Mémoire de fille n’est pas une histoire de première fois – d’ailleurs je déteste cette expression, première fois, comme s’il n’y avait de première fois que sexuelle, et que le sexe se découvrait en une fois. Il faudrait dire la première fois nue face à un homme (ou à une femme, d’ailleurs), la première fois caressée, la première fois avec un sexe d’homme dans la bouche, la première fois du sperme sur la peau, la première fois pénétrée – l’hymen ou non déchiré -, la première fois avec jouissance, la première fois dans l’orgasme, la première fois… ça vous regarde. Quand Annie Ernaux en arrive là, dans ce que le déictique a d’évident et d’imprécis, je peine à suivre, malgré le déroulé des actions détaillé dans le remâchage du souvenir. Je crois même un certain temps que la jeune fille se ment à elle-même en se disant vierge.
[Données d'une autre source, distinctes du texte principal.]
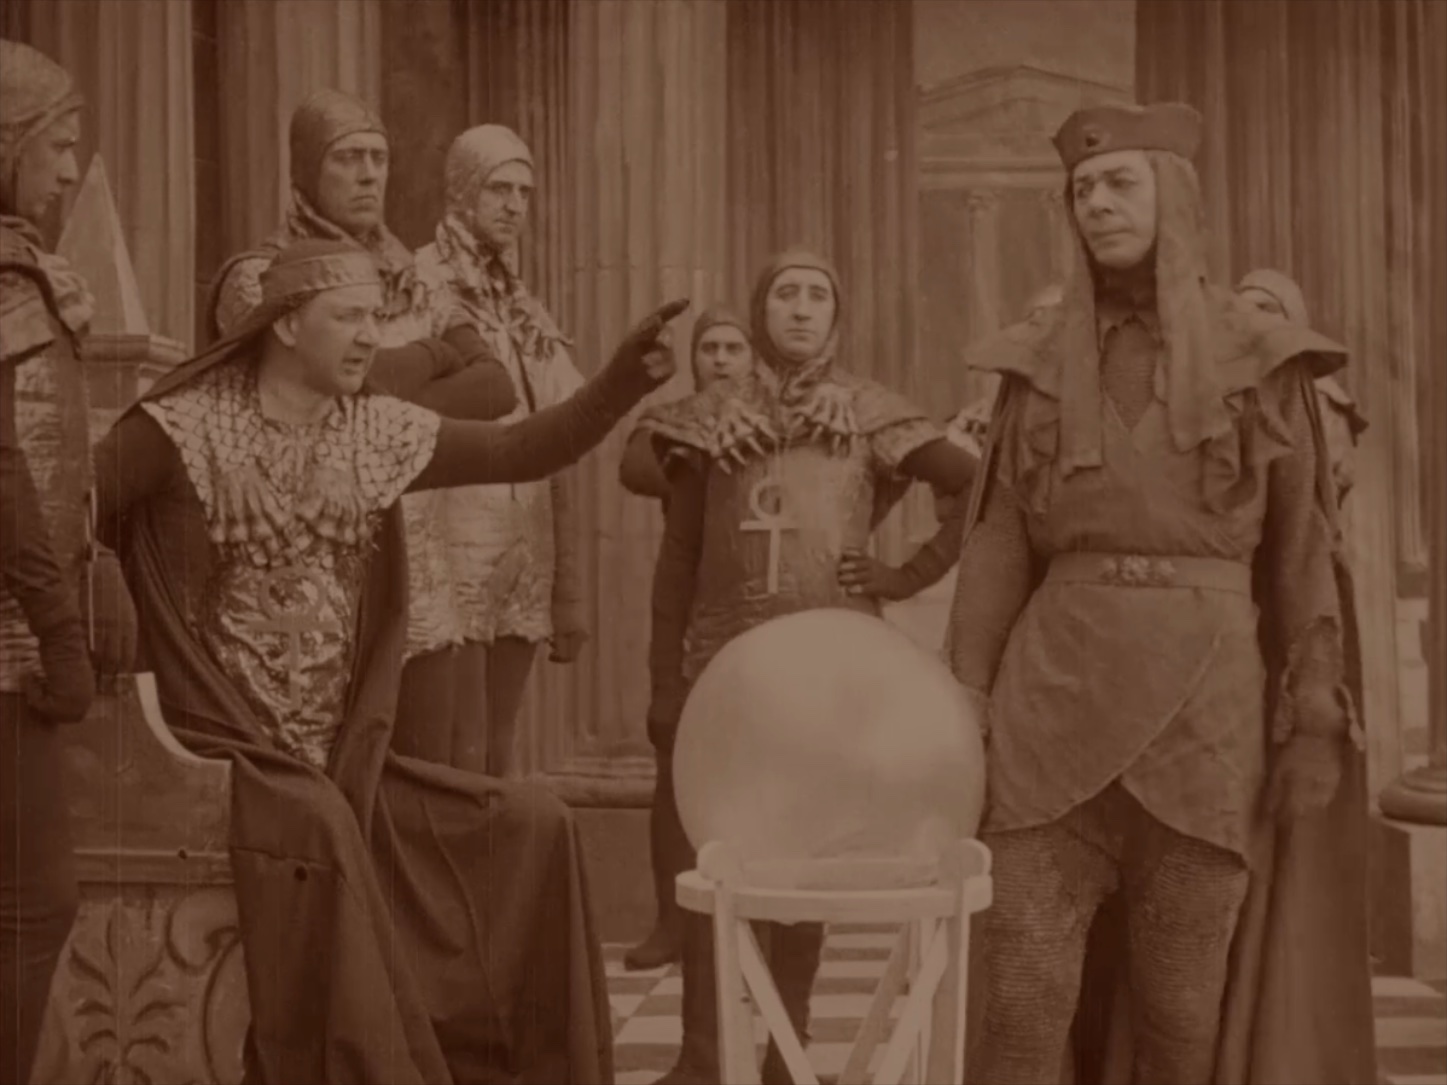 message-from-mars-a-1913-001-court-scene-1000x750.jpg

Mais ce n’est pas ça. Ce n’est pas de ça dont il est question.
Pas la possession, au contraire : la dépossession.
L’immobilisme qui saisit face au désir que l’autre a de nous – que l’on souhaitait sans l’imaginer, sans en imaginer la violence. La cessation de la volonté, qui se calque alors sur celle de l’autre ; on veut ce que l’autre veut, sans doute, mais sans savoir quoi, au point que le rendu brut de la scène fait penser à un viol. Annie Ernaux le dément pourtant : la jeune fille ne se résigne pas ; elle consent. Veut consentir : une volonté sur le mode mineur, un sacrifice consenti, quelque chose de rituel qu’on attend, qui saisit.
Immédiatement, ça remonte en moi : la sensation blanche de la gorge comme directement liée au vagin, voie rapide, raide, resserrée, vide vertigineux où disparaît la parole, toute parole, présente, passée et à venir. L’esprit continue de fonctionner, comme en retrait du corps – panique subite des sensations décuplées, du corps qui trahit, immobilisé dans une paralysie qui a à voir avec la prédation. Je repense à Quignard. Fascination et prédation. Ce n’est pas dit comme ça, mais ça remonte immédiatement à la lecture : la sensation brute, première, celle qui est là avant même d’être associée au plaisir ou à son anticipation. Je dois arrêter de lire. Je dois relire. Et arrêter à nouveau.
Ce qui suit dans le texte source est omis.